If you ever get the opportunity to examine the teeth of a horse, do so.  Understanding how their mouths manage to grind their food almost constantly over thirty plus years is fascinating.  But they don't just grind. With the help of their lovely soft and prehensile lips, they grab food and bite it away from it's source.  The action of their jaws is extremely powerful.  Look where the mandible is attached to the skull.  Large muscles and the physics of a large joint ensure that they can eat, and survive, and even enjoy, in a natural world that is stacked against them.  

 

The only bite I have ever received from a horse was from one of our halflingers, Wanda.  Wanda was sweet, pretty, and without guile.  I was feeding her a carrot, something we do regularly with all our horses. In Wanda's case, I didn't concentrate and neither did she.  She sucked up that carrot at the speed of light, and my right index finger with it.  She realized her mistake when I howled and she let go immediately.  I have had arthritis in the first joint of that finger from that day to this, and I am lucky I didn't lose that first third.

 

Most bites from horses are accidental, and most involve hand feeding like the example above.  It can be done and it can be done safely, but it is easy for safety to wander over into the corner with dangerous.  Far more dangerous are incidents where we forget that our relationship with horses is an agreement on their part - not slavery.  

 

 

My mother tells a story about a beautiful old farm horse her family had when she was a child.  The dear mare was loved and trusted by the whole family, and the children (nine of them) could ride her and play around her in complete safety.  Unknown to the family, a hired hand was mean to the horse when she was out of their sight.  He poked her with the pitchfork, hit her, slapped her, and was nasty in general to her.  So she bided her time.  She waited until he was putting hay in her manger one evening and reached out and bit his shoulder, making a terrible mess of the muscles and tendons.  I've said many times, horses are teenagers.  The moral here is never to victimize one less powerful than you, lest they turn out not to be so powerless after all.  

 

Leaning and Throwing Weight Around

 

For some perspective, Duke, the horse I work with the most, is almost exactly ten times my weight.  Sometimes he looks at me with those big brown eyes and Dennis the Menace forelock and simply says no.  Let's face it, he doesn't ever actually have to do as I ask.  All he has to do is set his feet and he is a giant block of cement that I cannot move.  There has to be a reason to move, and an absence of reasons not to move.  There is no point in me fighting against him.  
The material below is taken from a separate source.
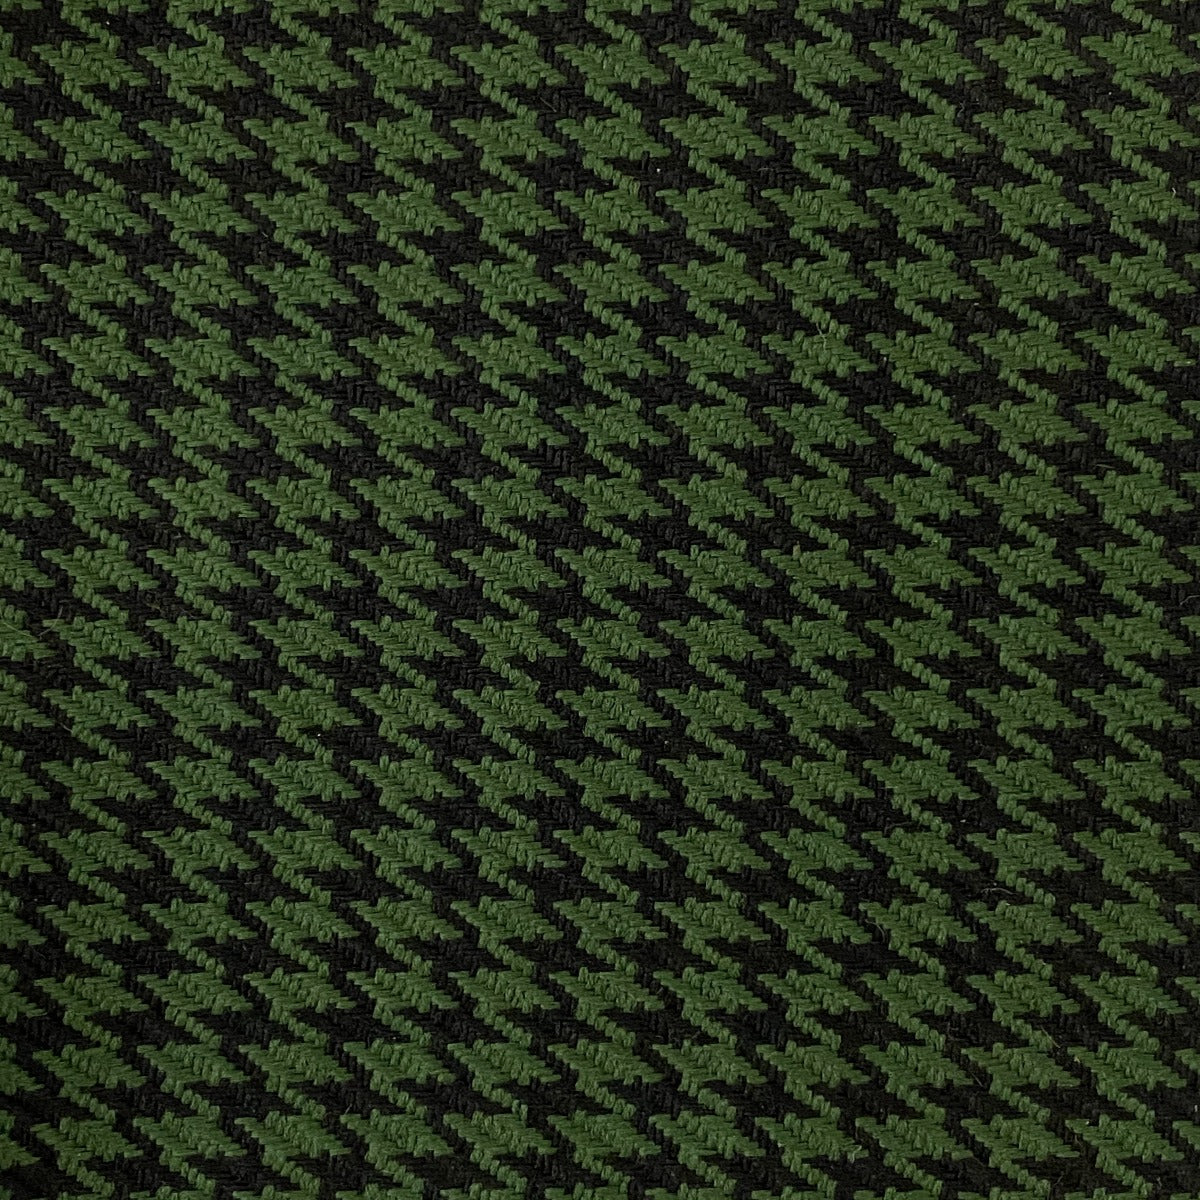 Green Black Acrylic Houndstooth Fabric - Fashion Fabrics Los Angeles 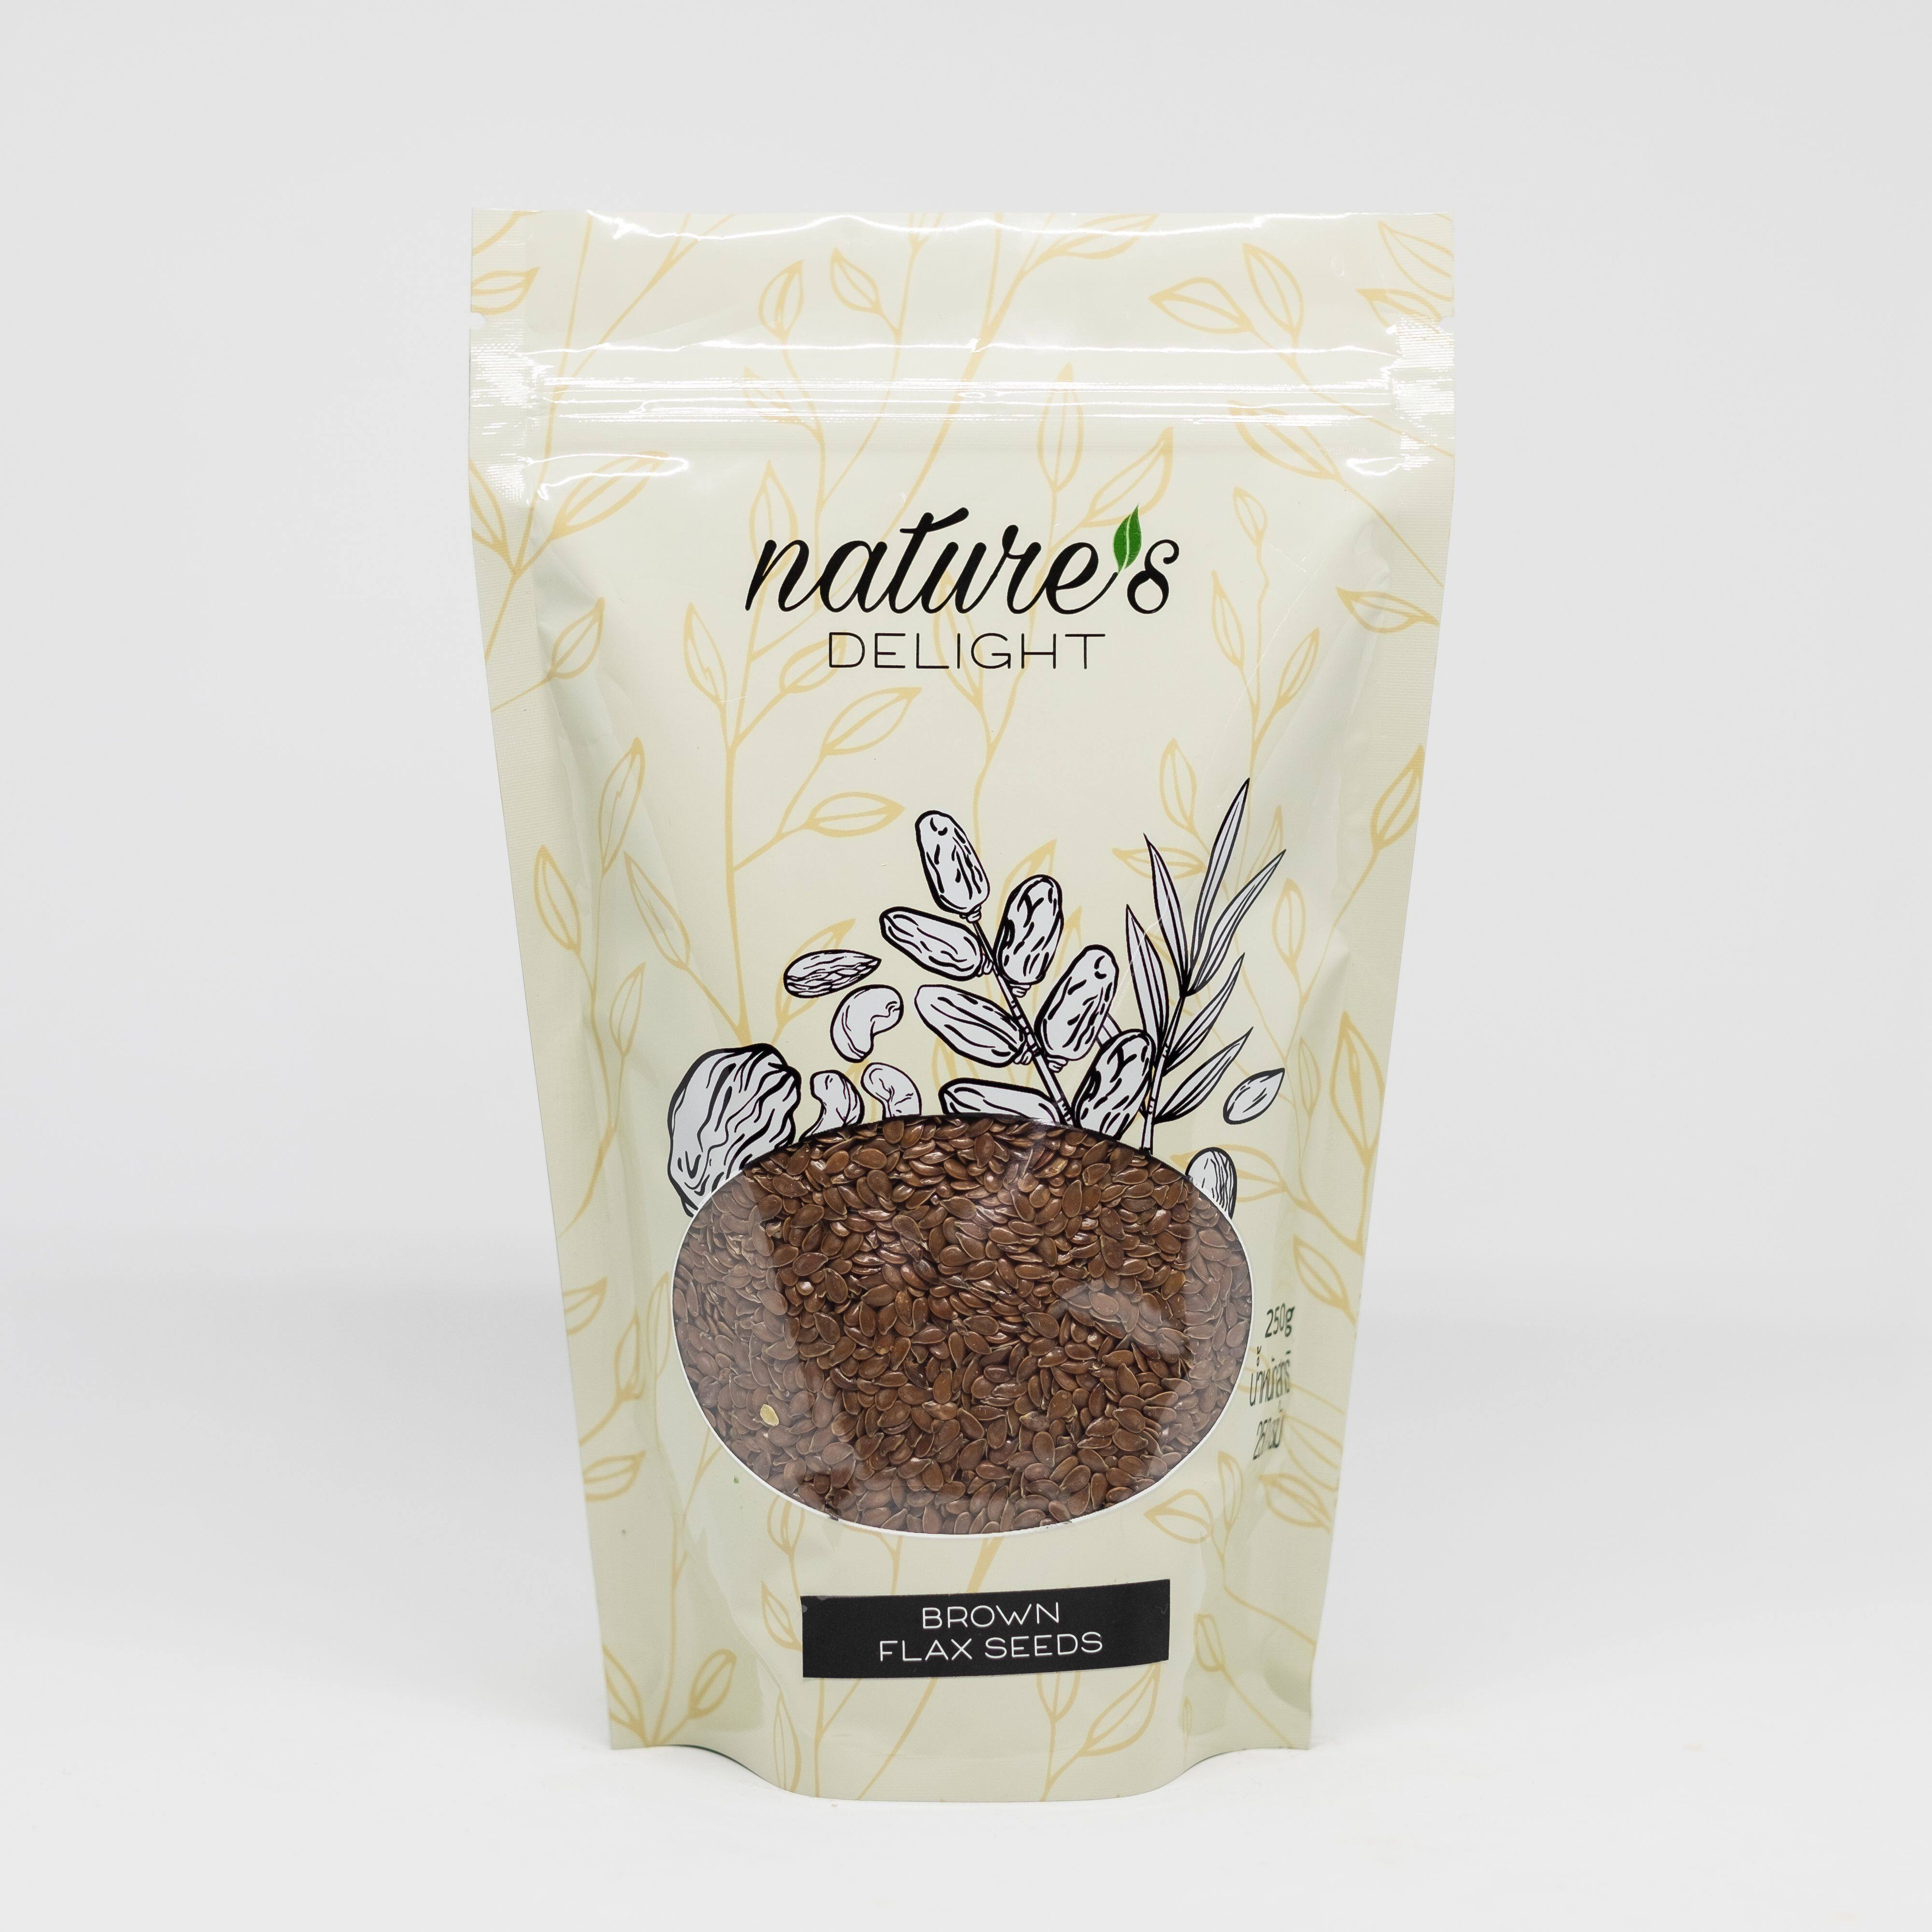 Nature's Delight Brown Flax Seeds 250g/ เมล็ดแฟล็กสีน้ำตาล 250 กรัม ตราเนเจอร์ส ดีไลท์

I started visiting barns with my brother when I was about thirteen, maybe going on 14.  By the time I was sixteen, he was taking me with him to his job mucking out stalls for a horse breeder.  That was the age when he let me help.  With the wheelbarrow.  But in the small barn with the brood mares and the foals, I actually got to take responsibility for Tammy the brood mare, and I would bring her in after her stall was cleaned and take her out beforehand.  She was a lovely sweet girl, and she bore beautiful hunter foals to the Irish Warm-blood Stallion. But even Tammy could lean on me just enough to impress on me that she did not want to go out or in.  She knew how to use that impressive body weight to get what she wanted and I never misunderstood.

 

In my early thirties I spent a summer working at a trail riding ranch just outside Angus, Ontario.  The owner was a sixty five year old German man with some Machiavellian ideas about women.  And once (only once) I saw him punch a horse in anger.  But working for him, and working with his beautiful horses, taught me as much about horses as anything I had learned until that point. In this exquisite herd was a four year old appaloosa named JR.  JR was utterly trustworthy, and carried my daughter many times.  He was a good, safe horse.  

 

And I learned to hate that freaking appaloosa.  He was willful and spoiled and had terrible barn manners, and he got me, one way or another, every single day.  Okay I have worded that too strongly.  He was young and a bit spoiled and had ample distraction to destroy his behaviour.  You see the barn was divided into standing stalls, since the horses only came in to be saddled or to have their evening meal (the same way we operate now).  But poor JR, on the way to his stall, had to pass the opening from the hay room into the barn.  I would get him part way past, and he would simply turn and eat. After a lot of struggle, I would get him part way into the stall, where he would lean on me and take my breath away.  Once into the stall, realizing there was food there for him (as if it had never happened before) settled right down and sometimes even apologized, but even then the threat didn't end there.  He once shook his head and his skull made contact with mine, almost making me pass out.  

 

 

Kicking

 

Kicking is the one risk around horses that lay people are most worried about. And rightly so I suppose.  Even on a small horse, the powerful muscles in that round rump are intimidating at the very least.  Sharp hooves that can break bones are well avoided.  But fear of a kick is absolutely meaningless if you don't understand the brain that drives it.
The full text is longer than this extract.